Portfolio-buying by PSBs

At the meeting, NBFCs cried foul that top public sector banks have, without any rhyme or reason, changed their behaviour and raised interest rates by 100-150 basis points on lending to NBFCs. The main problem is that PSBs are more keen to buy the portfolio of NBFCs than to offer a credit line, according to Aggarwal.

“Buying out portfolio is a temporary solution. They do cherry-picking while buying portfolio, and so the risk is reduced and looks favourable as against the risk in lending to NBFCs. This must be corrected, and we have conveyed this to the RBI,” he said.

Many NBFC honchos present at the meeting highlighted that there has to be proper justification for banks to raise interest rates. Aggarwal also said NBFCs are not saying that banks buying NBFC portfolio should stop, but that portfolio-buying cannot be the main source.

“When there was stress among banks in the last two years, it was NBFCs that filled the gap. Now, they are building the book at one go. This cannot be the solution to the problem,” he said. A case was also made with the RBI for treating banks’ lending to NBFCs for on-lending to priority sector as priority sector lending by banks. This was stopped in 2011 and must be restored, the NBFCs said.

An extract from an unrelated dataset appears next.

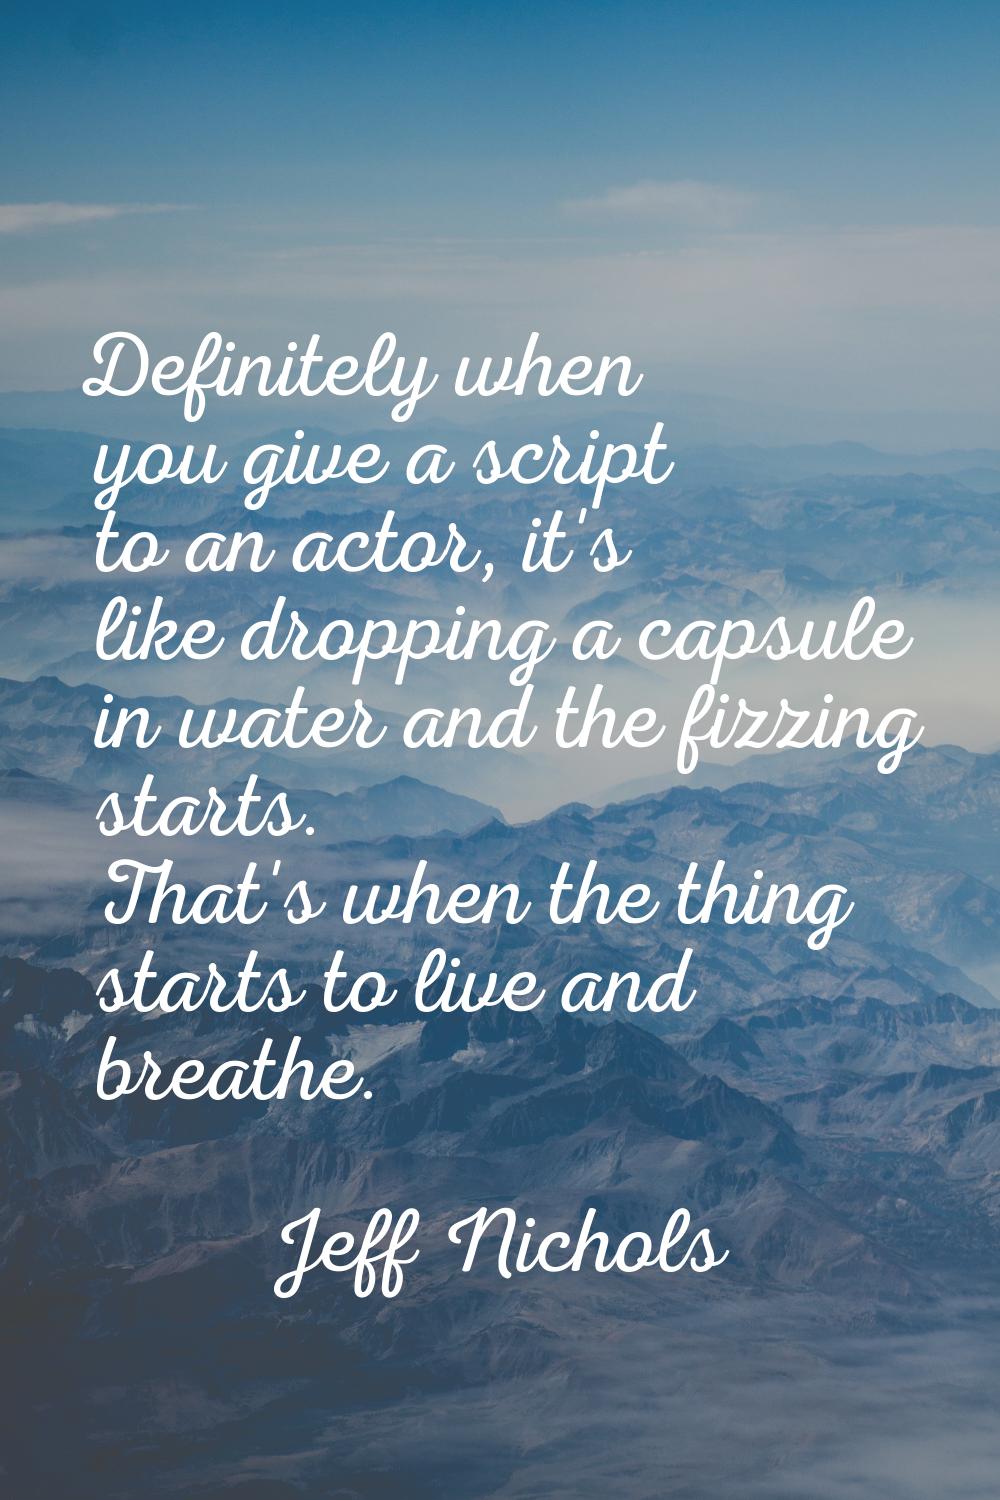 Definitely when you give a script to an actor, it's like dropping a capsule in water and the fizzin
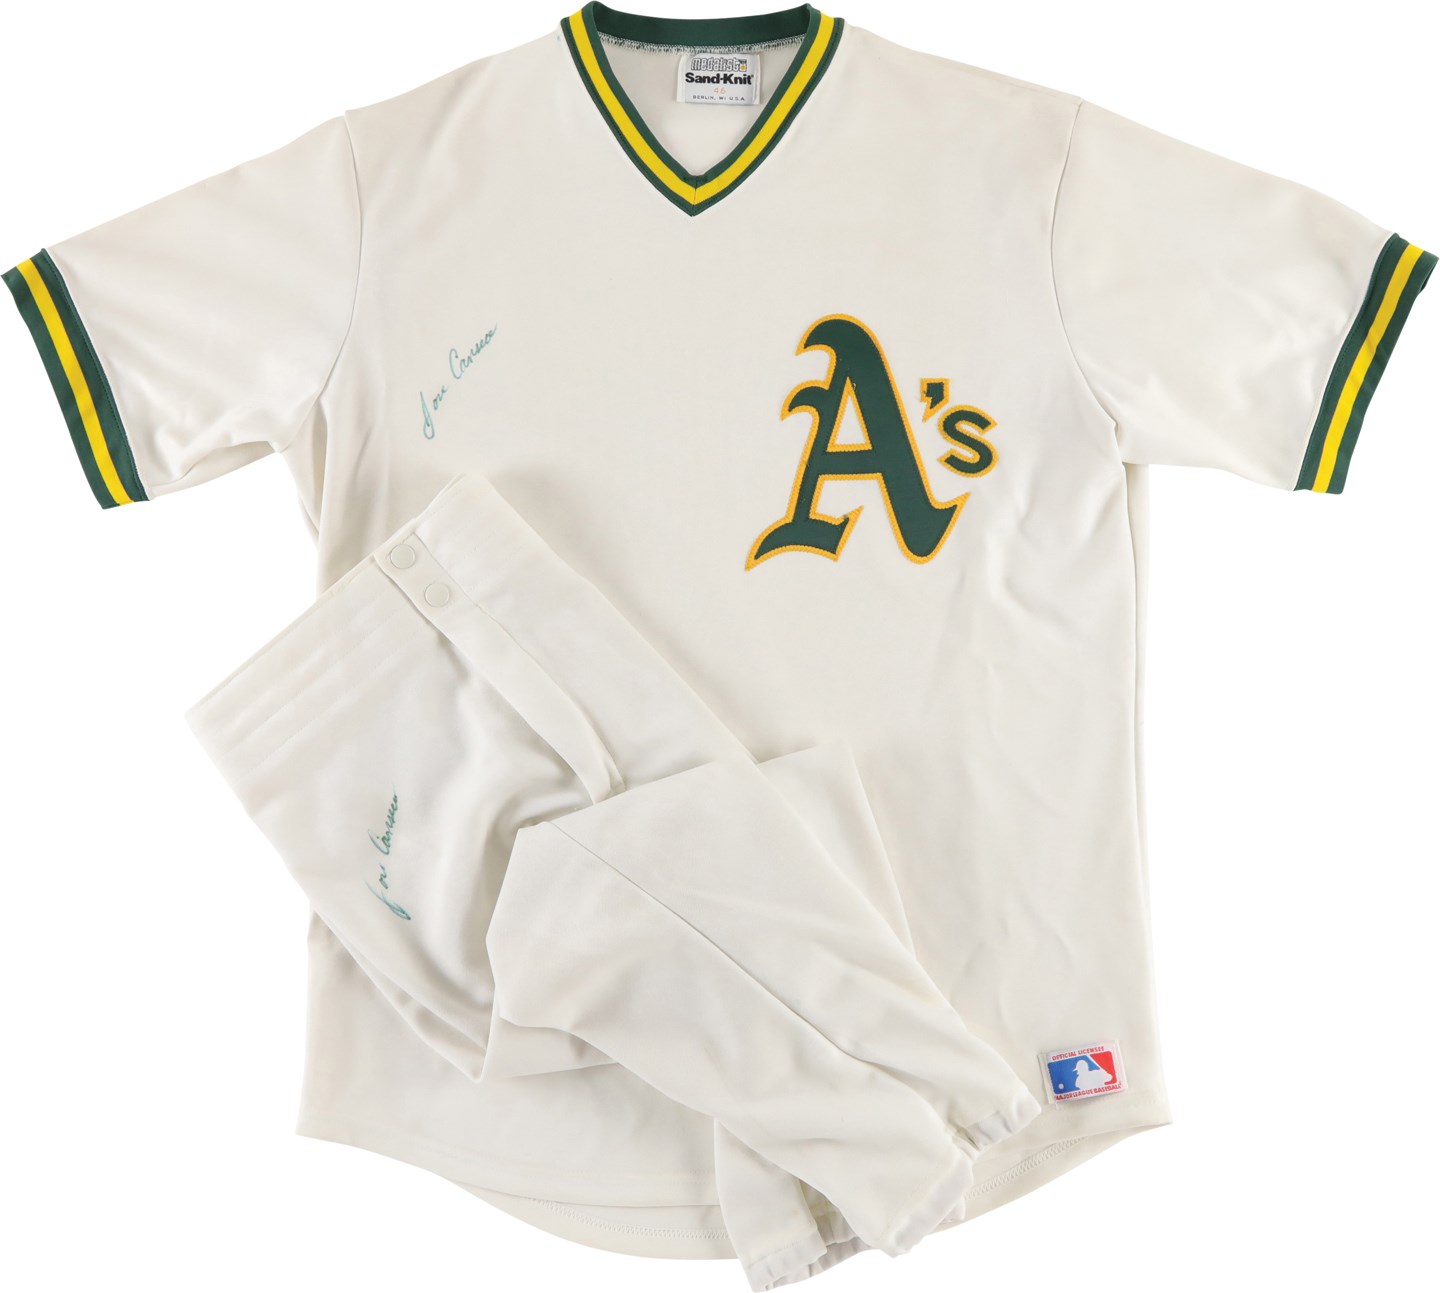 Baseball Equipment - 1986 Jose Canseco Oakland Athletics Signed Worn Uniform Attributed to First Professional Photoshoot (Canseco LOA)

The general point on liquidity was that there was no solvency problem or crisis for NBFCs, but the sentiment was definitely hit after the IL&FS blowout. However, the current pain point on liquidity is the increased interest rates by public sector banks.

Aggarwal said the RBI Governor and three Deputy Governors, who were also present at the meeting, were “receptive” to the suggestions.

Deposits, credit cards

Some NBFCs suggested that the RBI should look at creating a separate category for those NBFCs with an asset size of over ₹1,000 crore with a credit rating of ‘AA’ and above. This would enable them to be seen differently from a regulatory standpoint and may even be allowed to raise deposits and issue credit cards.

The broad message from NBFCs is that the time has come for the central bank to look at the liability side of NBFCs and open up more avenues for fund-raising. It is in this context that NBFCs had made its demand on deposit acceptance.

Currently, NBFCs cannot issue credit cards, and opening this window will provide another revenue stream for them. There is still a huge unmet demand for credit cards in the country.

Top NBFCs that were present at the meeting include Power Finance Corporation, Shriram Capital, Sundaram Finance, Bajaj Finance, Tata Capital, L&T Finance, Muthoot, Aditya Birla Finance, Edelweiss, IIFL, and Satin Creditcare. Sadhan and MFIN representatives were also present.